As we look at this region in ferment, how
would you characterize what is unfolding now? Can we generalize about the
uprisings that are erupting in the various countries? Is there a common theme?
There’s a common theme of anger and resentment. And the anger and resentment are
universal and well-grounded. They come from a number of things. First of
all, there’s the obvious one – the greater awareness that they have, thanks to
modern media and modern communications, of the difference between their
situation and the situation in other parts of the world. I mean, being abjectly
poor is bad enough. But when everybody else around you is pretty far from
abjectly poor, then it becomes pretty intolerable.
Another thing is the
sexual aspect of it. One has to remember that in the Muslim world, casual
sex, Western-style, doesn’t exist. If a young man wants sex, there are only two
possibilities – marriage and the brothel. You have these vast numbers of young
men growing up without the money, either for the brothel or the brideprice, with
raging sexual desire. On the one hand, it can lead to the suicide bomber, who is
attracted by the virgins of paradise – the only ones available to him. On
the other hand, sheer frustration.
So you have this explosion, which
different regimes are handling in very different ways. Were you surprised with
the ease with which, in Tunisia and Egypt, autocratic leaders were ousted? Do
you see other countries where a similar process is likely to unfold? I was
expecting a wave of such movements. I didn’t think it would be as quick
and easy as it was in Egypt. But I expect that there will be more. We can see in
so many countries, the regimes are already gravely in danger.
In Syria we
don’t see, so far, any major expression of an effort at people
power. It’s a more ruthless regime. In Iran, the stakes are much higher.
It requires much more courage to go out on the street when the regime is
presumably prepared to go to greater lengths to hold onto power. Do you see
these kinds of processes taking hold in the more repressive and ruthless
regimes? As far as one can judge, these movements of opposition are very strong,
even in Iran for example. Now, as you say, the Iranian regime is very
repressive. Nevertheless, there are ways in which people can communicate,
notably by telephone, e-mail and the rest, and the messages coming out of Iran
are unequivocal. It makes it clear that the regime is extremely
unpopular. There are two oppositions, opposition to the regime, and
opposition within the regime. I think that with even a little help from outside
it would be possible to do something. As the saying goes, “You can’t beat
something with nothing.”
A little help from outside? It’s a subtle
process. If the help is overt, it can be used by the regime in Iran, for
example, to suggest unwarranted and untenable Western influence. How do you give
help to people seeking the overthrow of these regimes? One method is by
political warfare, by having some sort of propaganda campaign against the
regime. This would not be difficult. There’s a vast Iranian population
now in the Western world, particularly in the United States, who I’m sure would
be willing to help in this, and thanks to modern communications, it would not be
too difficult to get the message across. The messages coming out of Iran make
this very clear.
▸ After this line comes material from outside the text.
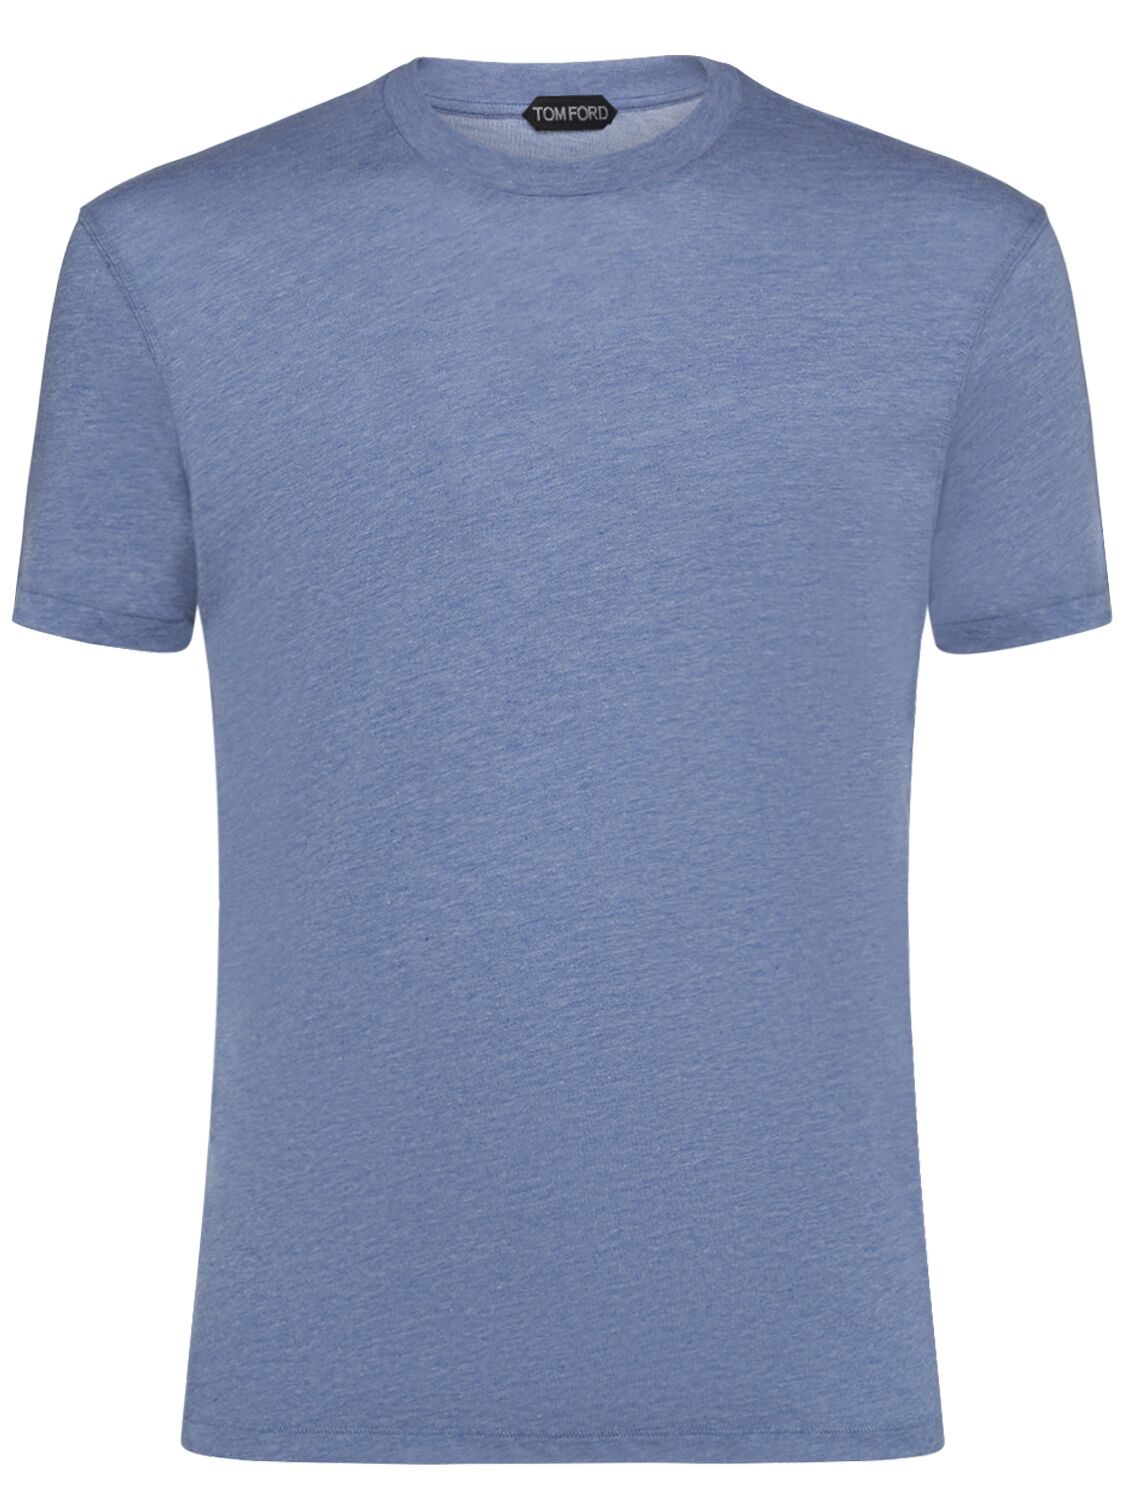 Tom Ford Cotton Blend Crewneck T-shirt In Denim

You must have heard when the American forces went into Iraq,
lots of Iranians wrote e-mails or telephoned, saying, “You should have tackled
your problems in alphabetical order.”
Tell us more about the nature of
the Arab masses, their sense of their own religion, their sense of the agenda
that Islam sets out for them. Well, you see, two things have
happened. One is that their position on the whole has been getting worse.
The second, which is much more important, is that their awareness of that is
getting much greater. As I said before, thanks to modern communications, they
can now compare their own position with that in other countries. And they don’t
have to look very far to do that. I have sat with friends in Arab countries,
watching Israeli television, and their responses to that are
mindboggling.
What is so striking to them? One particular instance that I
remember: There was a little Arab boy whose arm was broken by an Israeli
policeman during a demonstration and he appeared the next day on Israeli
television with a bandage on his arm, denouncing Israeli brutality. I was in
Amman at the time, watching this. And sitting next to me was an Iraqi, who had
fled Saddam Hussein’s Iraq, and he looked at this with his jaw dropping and he
said, “I would gladly let Saddam Hussein break both my arms and both my legs if
he would let me talk like that on Iraqi television.”
Take us a little
deeper into the mindset. Help us reconcile the discord in Egypt, for
example, between hundreds and thousands of people coming out onto the streets
and demanding to be rid of a dictatorial leadership, which most people in the
West have interpreted as a push for freedoms and Westernstyle democracy, at the
same time as we read opinion surveys which show overwhelming proportions of
Egyptians taking very bleak views on some aspects of human rights, supporting
terrible punishments for adultery, benighted attitudes to homosexuality and so
on.It’s not easy to define what they are for. It’s much easier to
define what they are against. They are against the present tyrannies, which as
they see it, not only oppress them, but dishonor their name, their religion,
their nationality. They want to see something better in its place. Now
what that something better would be is differently defined. They are not usually
talking in terms of parliamentary democracy and free elections and so
on. That’s not part of the common discourse. For different groups
it means different things. But usually, it’s religiously defined. That doesn’t
necessarily mean the Muslim Brothers’ type of religion. There is also an
Islamic tradition which is not like that – as I referred to earlier, the
tradition of consultation. It is a form of government.
If we have
different potential Islamic paths that these peoples could now go down, how
strong is a more moderate Muslim tradition? How likely is it that that would
prevail? I ask you that because of your bleak characterization of the Muslim
Brotherhood which, again, some experts claim is relatively benign.I
don’t know how one could get the impression that the Muslim Brotherhood is
relatively benign unless you mean relatively as compared with the Nazi
party.
There are other trends within the Islamic world which look back to
their own glorious paths and think in other terms. There is a great deal
of talk nowadays about consultation. That is very much part of the
tradition.
The sort of authoritarian, even dictatorial regimes, that rule
most of the countries in the modern Islamic Middle East, are a modern creation.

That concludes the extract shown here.